After suffering from increased thermal coal costs over the years, China’s power producers finally found some cause for cheer last September.
That was when the Zhengzhou Commodity Exchange (ZCE) launched the nation’s first thermal coal futures contracts, enabling trading of those products — at 200 metric tons per lot – with a 5 percent margin.
Before that, Chinese electricity companies, big and small, had cried foul at market-oriented reforms in the coal sector that led to frequent price hikes.
Energy consultancy Wood Mackenzie estimates that China’s big five state-owned power producers — Guodian, Huaneng, Datang, Huadian and China Power Investment — all rely substantially on coal for the bulk of the electricity they generate; the ratio was 80 percent in 2012. But Beijing’s clampdown on illegal mining and work-safety campaigns in coal-rich Shanxi and Inner Mongolia regions have led to severe undersupply of the commodity.
Although the National Development and Reform Commission (NDRC) came up with the idea years ago to align coal price changes with electricity tariffs, the mechanism never worked promptly and power companies had to foot the extra cost themselves. They had little leeway as tariff adjustment proposals were kept under tight control and were often rejected by the government on the ground of protecting public welfare.
Now, the thermal coal futures, which have grown in scale rapidly on the back of buoyant demand, have offered some hope for the companies. Particularly so, as the annual supply contracts system — an arrangement to sell coal with a fixed price cap — was scrapped by the NDRC since 2013.
The China Securities Journal has reported that price changes in the futures’ main contracts dovetailed nicely with power companies’ expectations in the following months, enhancing the appeal of the products as good hedging instruments in the face of constant coal price fluctuations.
Coal buyers can secure the underlying asset in bulk when prices are at low levels, so as to cushion the impact of price surges later on.

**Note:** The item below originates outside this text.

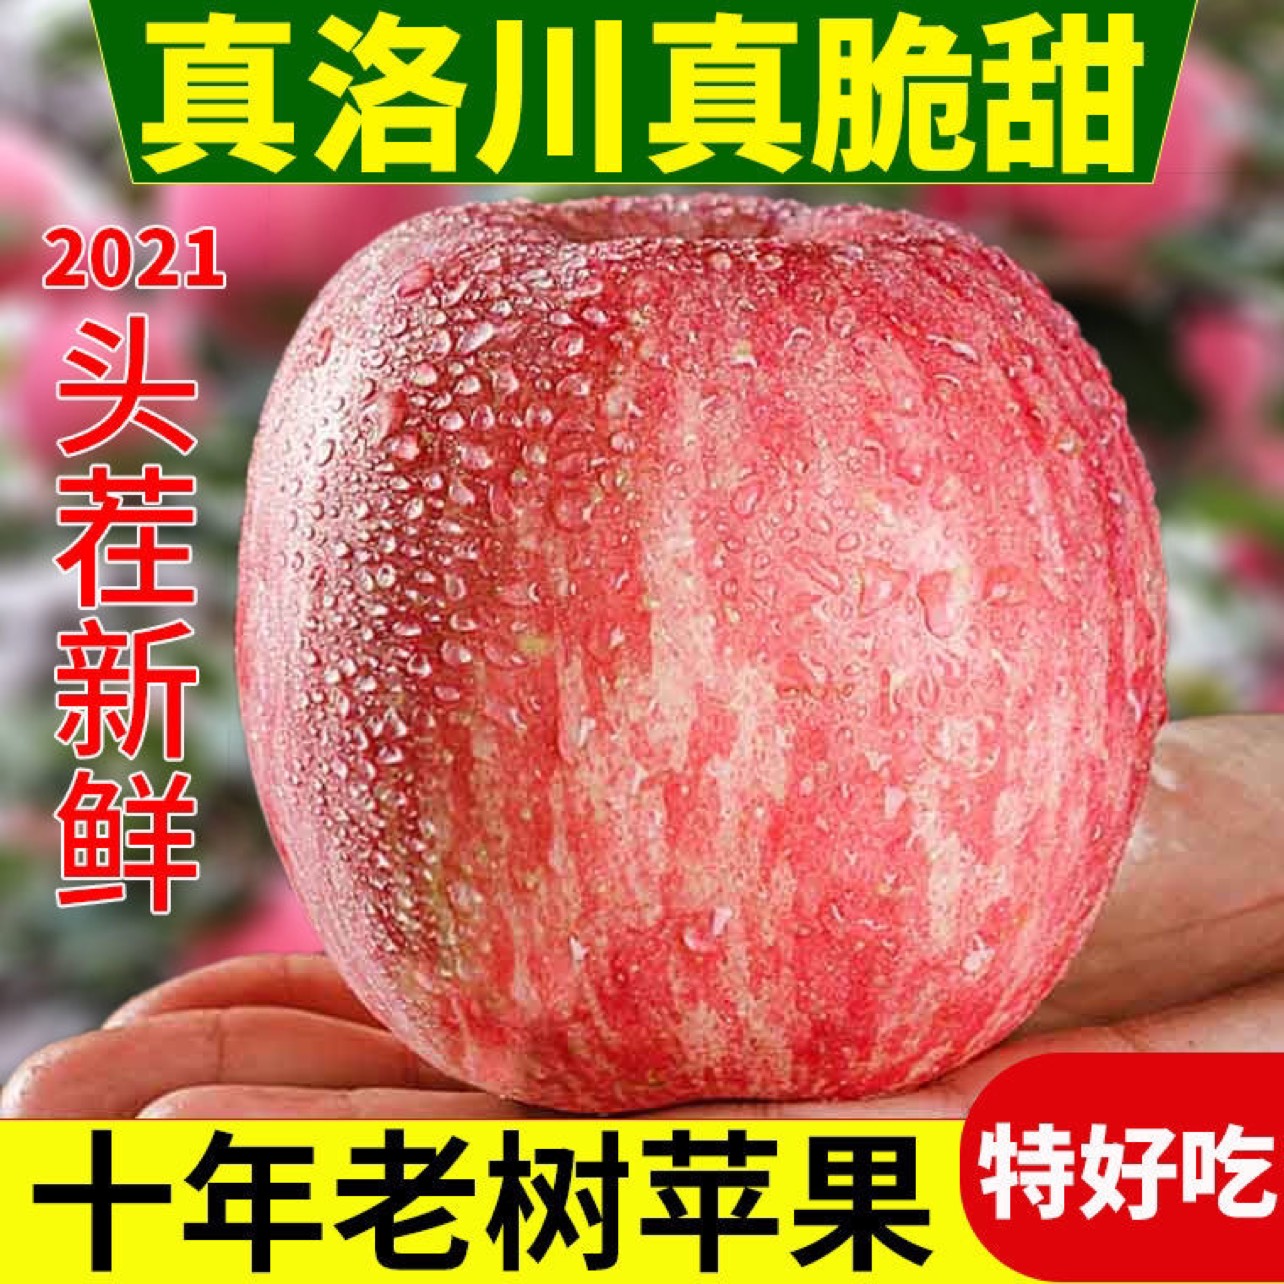 洛川县【洛川苹果】陕西洛川红富士冰糖心苹果新鲜脆甜水果包邮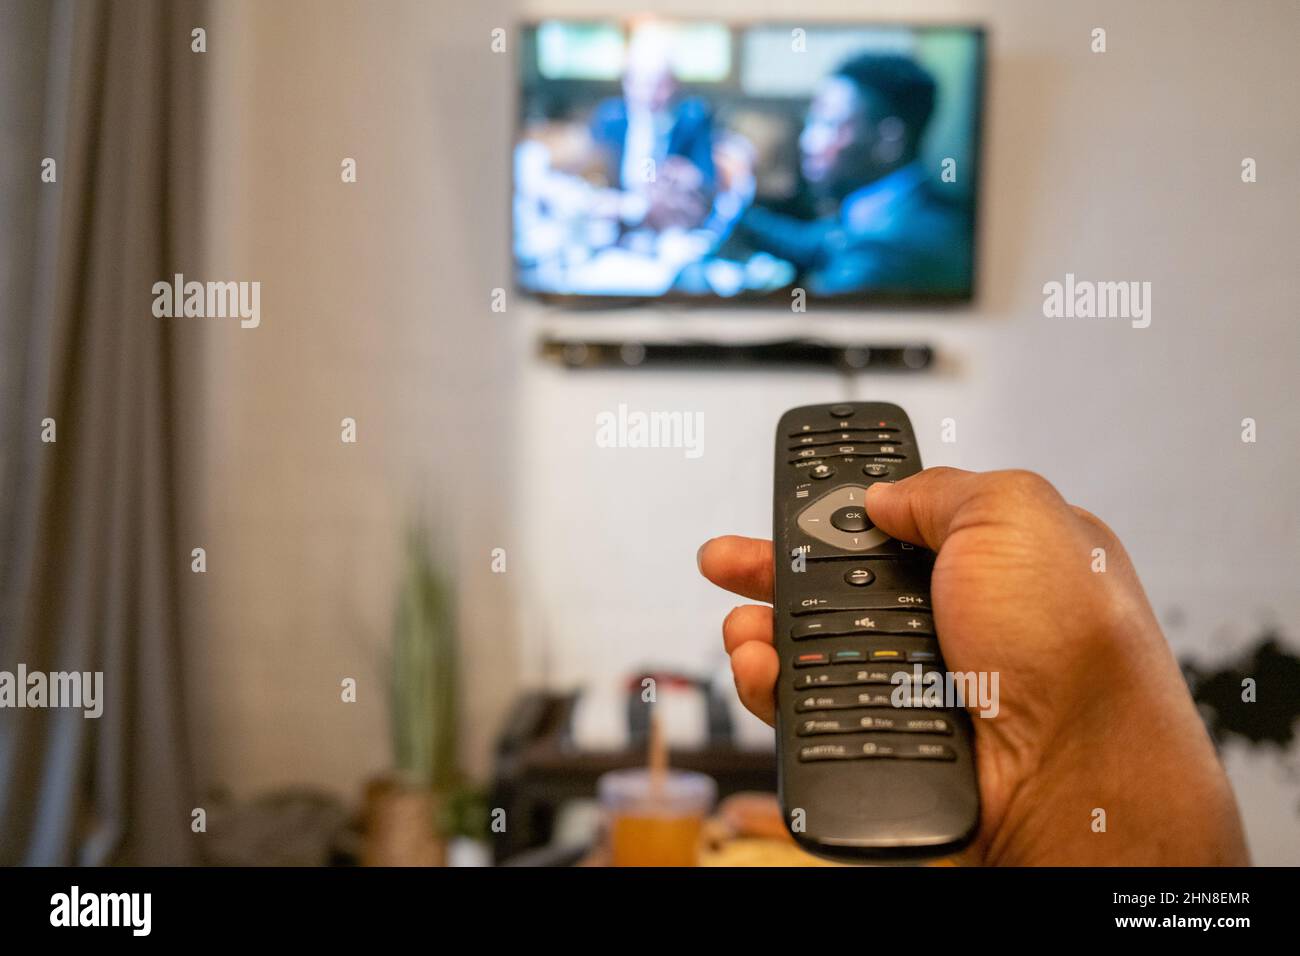 Primer plano de MAN pulsando los botones del mando a distancia para cambiar el canal del televisor de la habitación Foto de stock

Meanwhile, for smaller private power companies — many of which are unable to tap into futures – changes in the futures price can serve as a supply and demand gauge and enable the firms take better decisions when negotiating with coal suppliers.
Analysts also believe that Chinese authorities are determined to use the futures to gain more power in the pricing of the commodity globally.
China consumed almost 3 billion tons of thermal coal in 2012. The General Administration of Customs said in 2011 that the country surpassed Japan as the world’s largest coal importer. Yet the pricing on the international thermal coal market is still largely dominated by related futures traded at the New York Mercantile Exchange and the Australian Securities Exchange. As China seeks a bigger say due to its vast consumption, the indigenous futures have a leading role to play.
As of end-December last year, ZCE had handled more than 4.3 million lots of thermal coal futures transactions, worth 490 billion yuan (US$80.92 billion), the Futures Daily noted. The first prompt date, or the settlement date of those futures contracts, happened to fall on Jan. 8 this year.